Configure attributes, claims and scopes (optional)
- Please read Attributes available to Relying Parties for the claims and scopes that the MyAccessID Service supports and releases, and which you may need to configure and import to your Keycloak instance.
- Add all values of the OIDC scope from the Attributes available to Relying Parties page for the choosen attributes to the Scopes text field of the identity provider configuration of your Keycloak. Please note that all values need to be space separated, e.g. "email profile eduperson_principal_name".
Configure attribute mappers (optional)
Configure mapper/mappers for the every attribute identified in the previous stage. Attributes will be released by the MyAccessID Service as OIDC claims.

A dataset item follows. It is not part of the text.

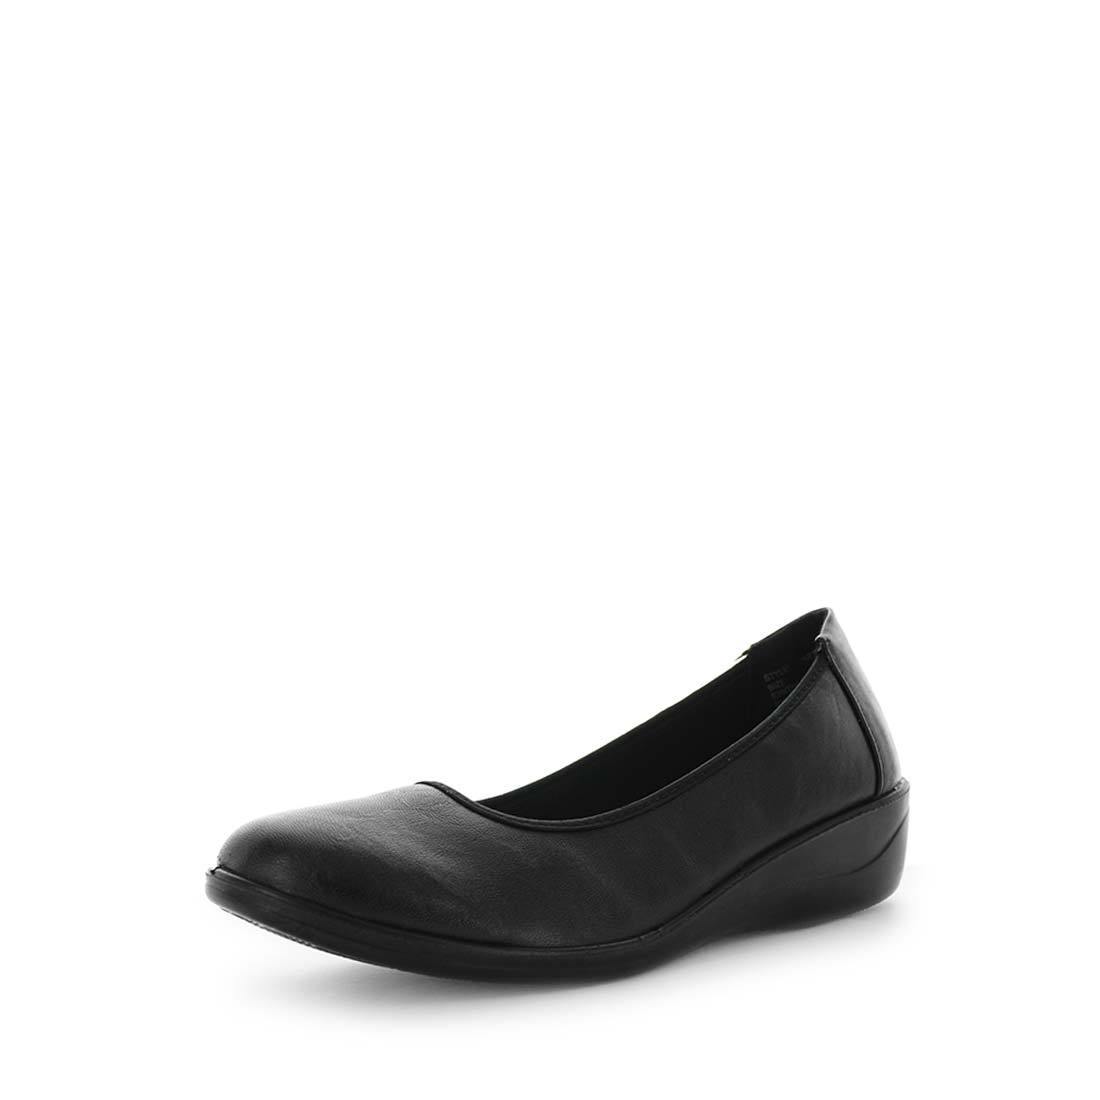 MARTI by AEROCUSHION - iShoes - Women's Shoes, Women's Shoes: Flats, Women's Shoes: Women's Work Shoes - FOOTWEAR-FOOTWEAR
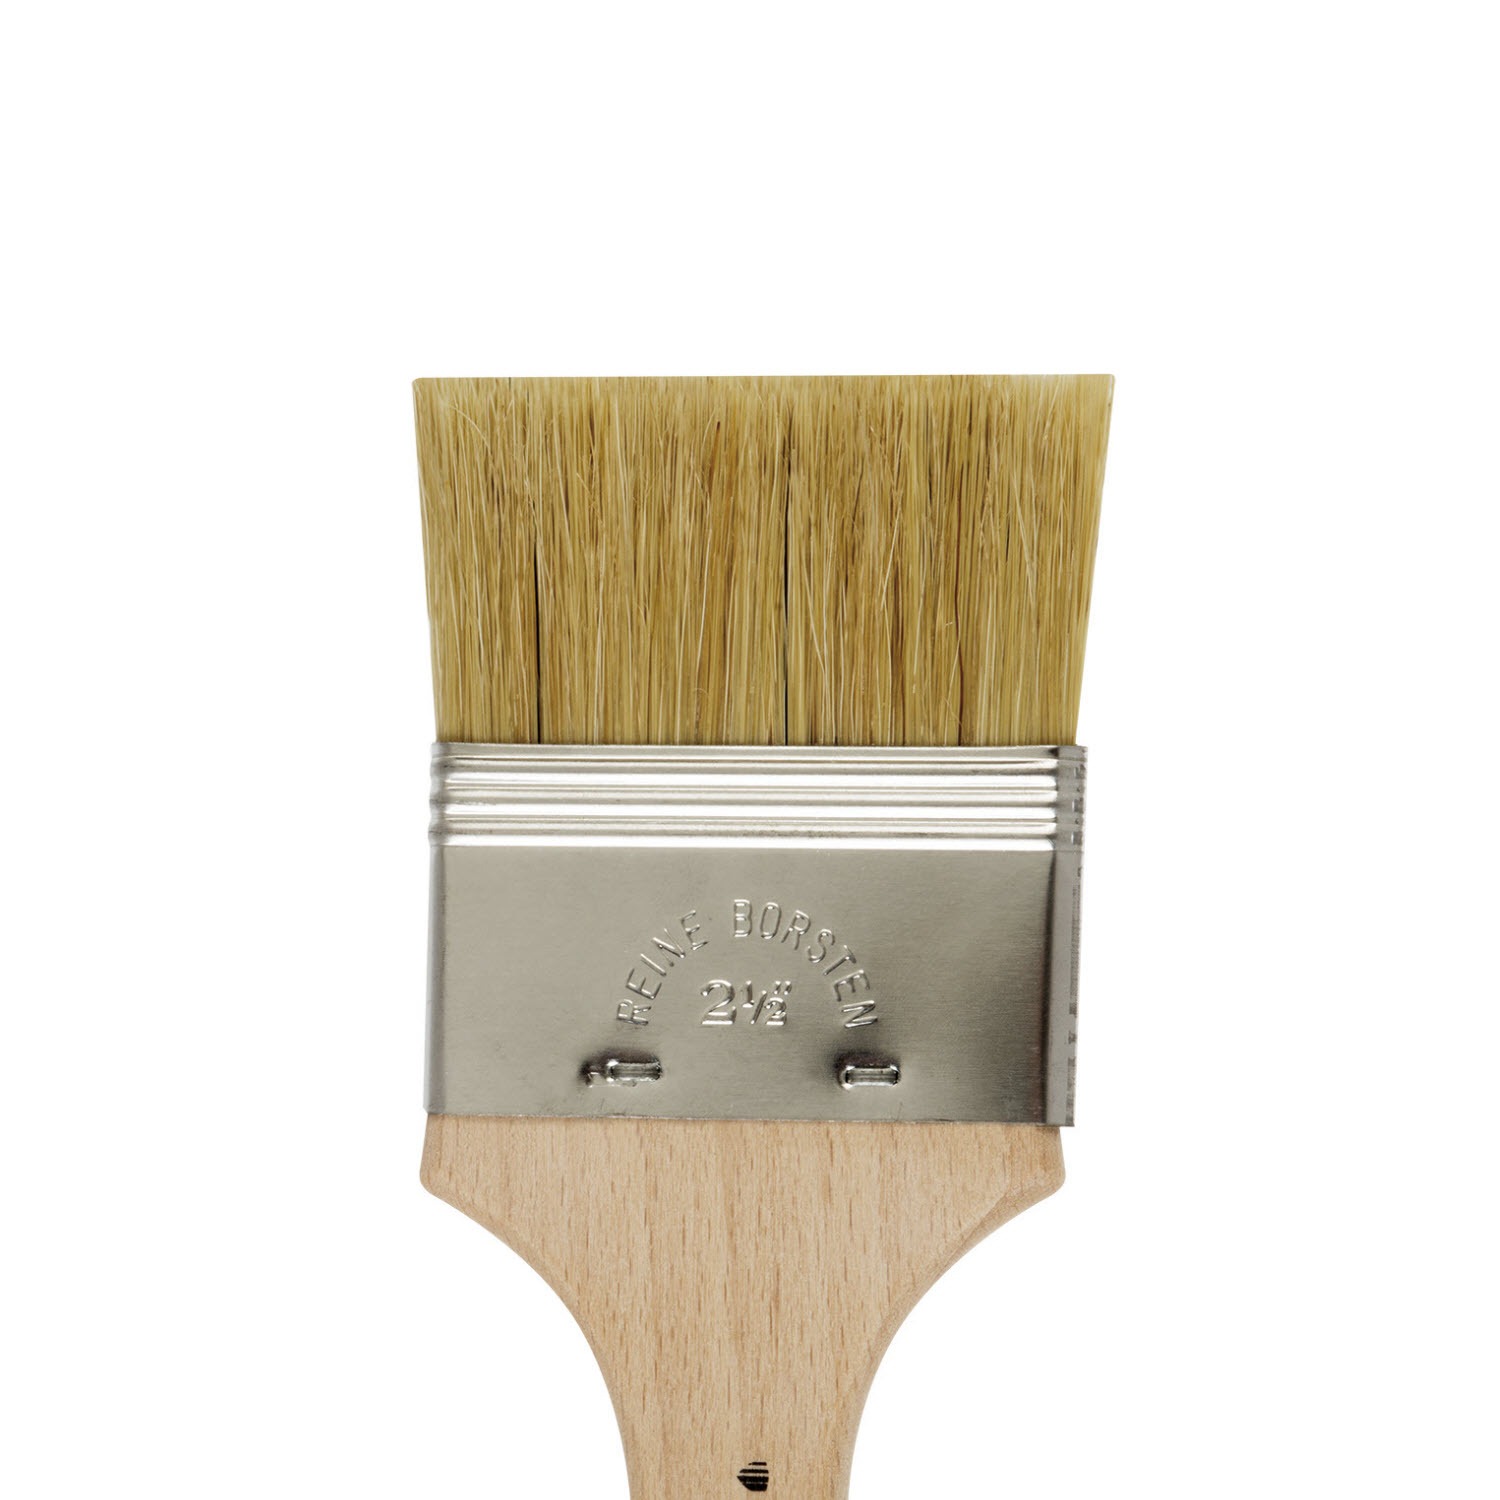 Oil & Acrylic Brush, flat - Bristle - lineo1911 - Shop

Example mapper configuration for the eduperson_principal_name claim:
- Open the Mapper tab of the identity provider configuration of your Keycloak.
- Click the Add mapper button.
- Select Attribute Importer option in the Mapper type drop-down.
- Set value of the Name text field to eduperson_principal_name.
- Set value of the Claim text field to eduperson_principal_name.
- Set value of the User Attribute Name text field to eduperson_principal_name.
- Click the Save button.
The eduperson_principal_name claim from MyAccessID Service will be mapped to the eduperson_principal_name attribute in the user's profile in Keycloak upon a user logs in using the MyAccessID Service.